MCA tightens norms for closure of firms
May 12, 2023
Firms applying for removal of their names from the Register of Companies will have to file financial statements and annual returns in order to cease business operations. To this effect, the ministry of corporate affairs has introduced fresh conditions for companies that wish to de-register with the RoC.
According to the changes, a firm cannot file for removal of names unless it has filed overdue financial statements and overdue annual returns up to the end of the financial year in which it ceased to carry its business operations. Further, in case a company intends to file the application after the action has been initiated by the Registrar, it will have to file all pending financial statements and all pending annual returns prior to this.
The move comes at a time when the government is trying to quicken the process of closure of companies and has set up the Centre for Processing Accelerated Corporate Exit effective May 1. The thinking however, is that such firms remain accountable and responsible for their actions.
Although the sine qua non that is filing pending financial statements and annual returns for making an application for removal of name from the Register was not formally notified till now, such a pre-requisite was practically posed by the Registrar while disposing of applications, said Sandeep Jhunjhunwala, Partner, Nangia Andersen.

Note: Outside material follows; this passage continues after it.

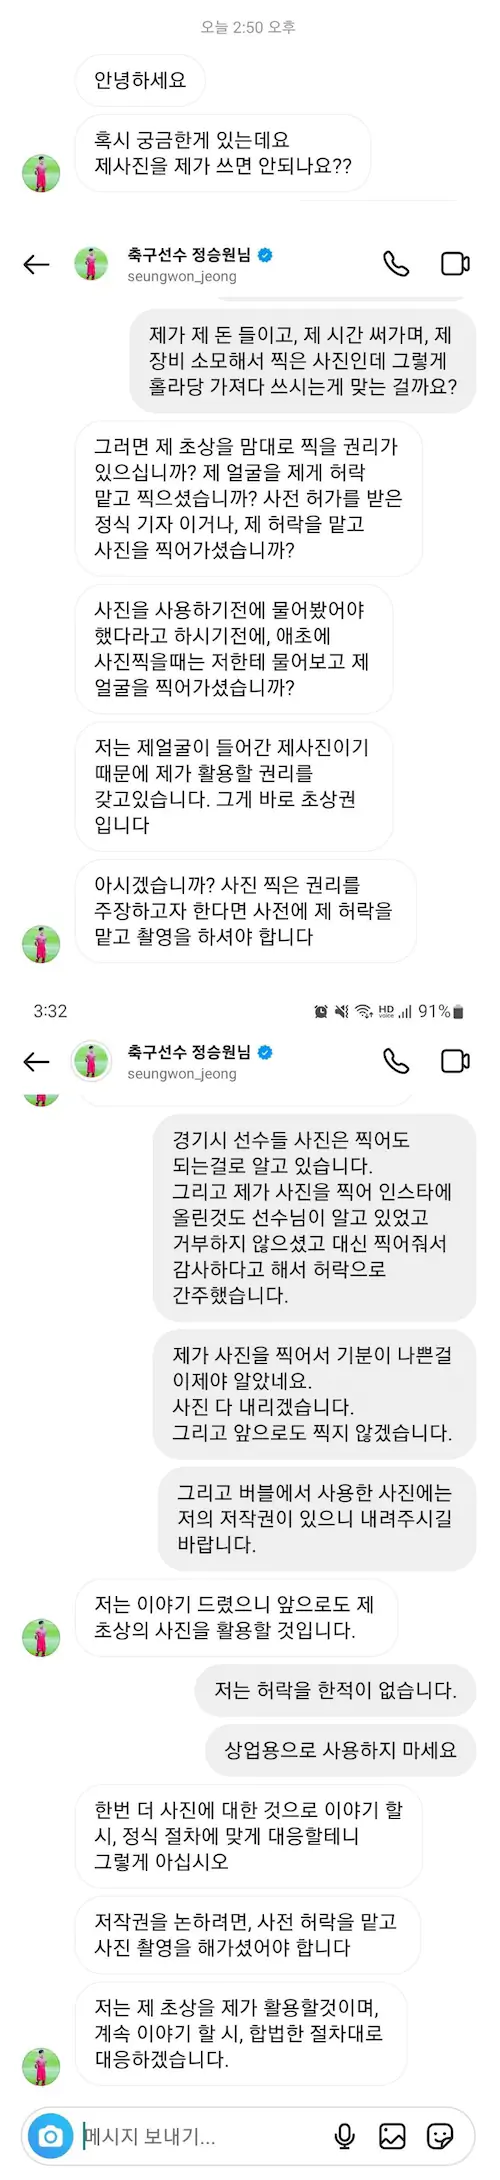 축구선수 정승원 팬 사진 저작권 위반 논란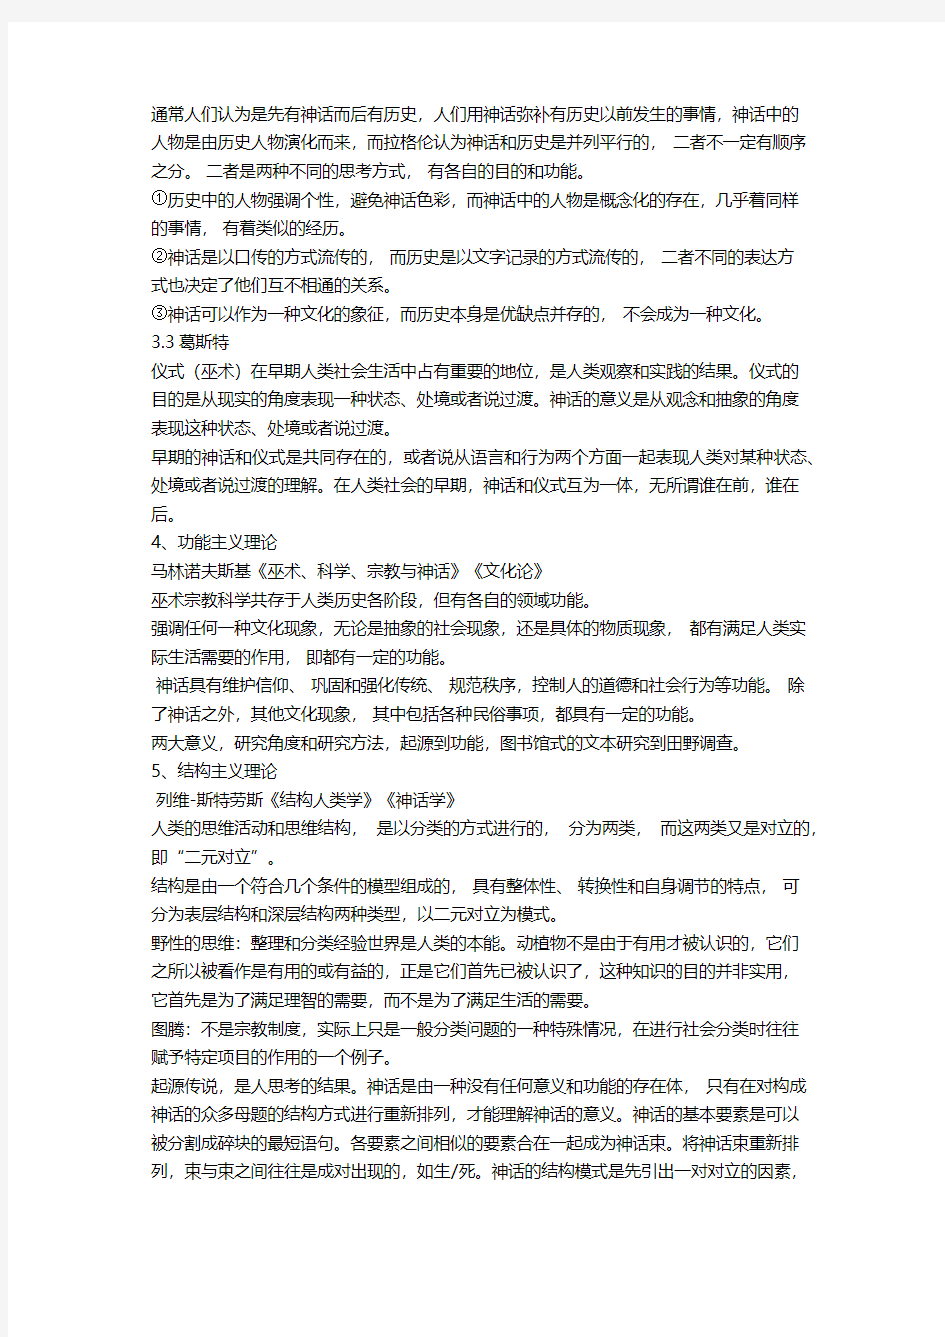 北京大学民俗研究课程笔记整理

“The pre-condition of regularising the filing of over-due financial statements and annual returns before filing a strike off application notified on May 10, 2023 puts some screws on stakeholders to stay vigilant while managing the affairs of the company and ensure compliances are observed even where business operations cease,” he said, adding that mounting the guard on compliance management and regulatory filings would be essential to safeguard companies and directors from hefty penalties and additional or late filing fees for non or delayed compliances especially when the company wanting to strike off may have an almost nil cash reserve.
Under the law, a company can apply for strike off of name if it is defunct or the RoC can also initiate the process. Typically, a firm has to extinguish all its liabilities, by a special resolution or consent of 75% members in terms of paid-up share capital, and then file the application.

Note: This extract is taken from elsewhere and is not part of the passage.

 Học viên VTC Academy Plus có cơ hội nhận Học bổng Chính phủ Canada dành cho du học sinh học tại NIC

Nishant Aggarwal, Partner (Audit & Advisory services) at SW India noted that these amendments aim to enhance corporate transparency and compliance in India’s business environment. “The MCA’s move emphasises the importance of fulfilling financial reporting obligations and ensures that companies cannot evade regulatory action by filing for the removal of their name from MCA. These rules are expected to strengthen the integrity of the financial system and safeguard the interests of stakeholders,” he said.
Sudish Sharma, Executive Partner, Lakshmikumaran & Sridharan Attorneys said the amendment promotes transparency and accountability by imposing mandatory requirement with respect to filing of overdue financial statements and annual returns on companies seeking name removal. “The amendment ensures that these companies fulfil their statutory obligations and will also prevent abuse of the process of law and contribute to a more efficient and effective corporate governance regime as envisaged by the current government,” he said.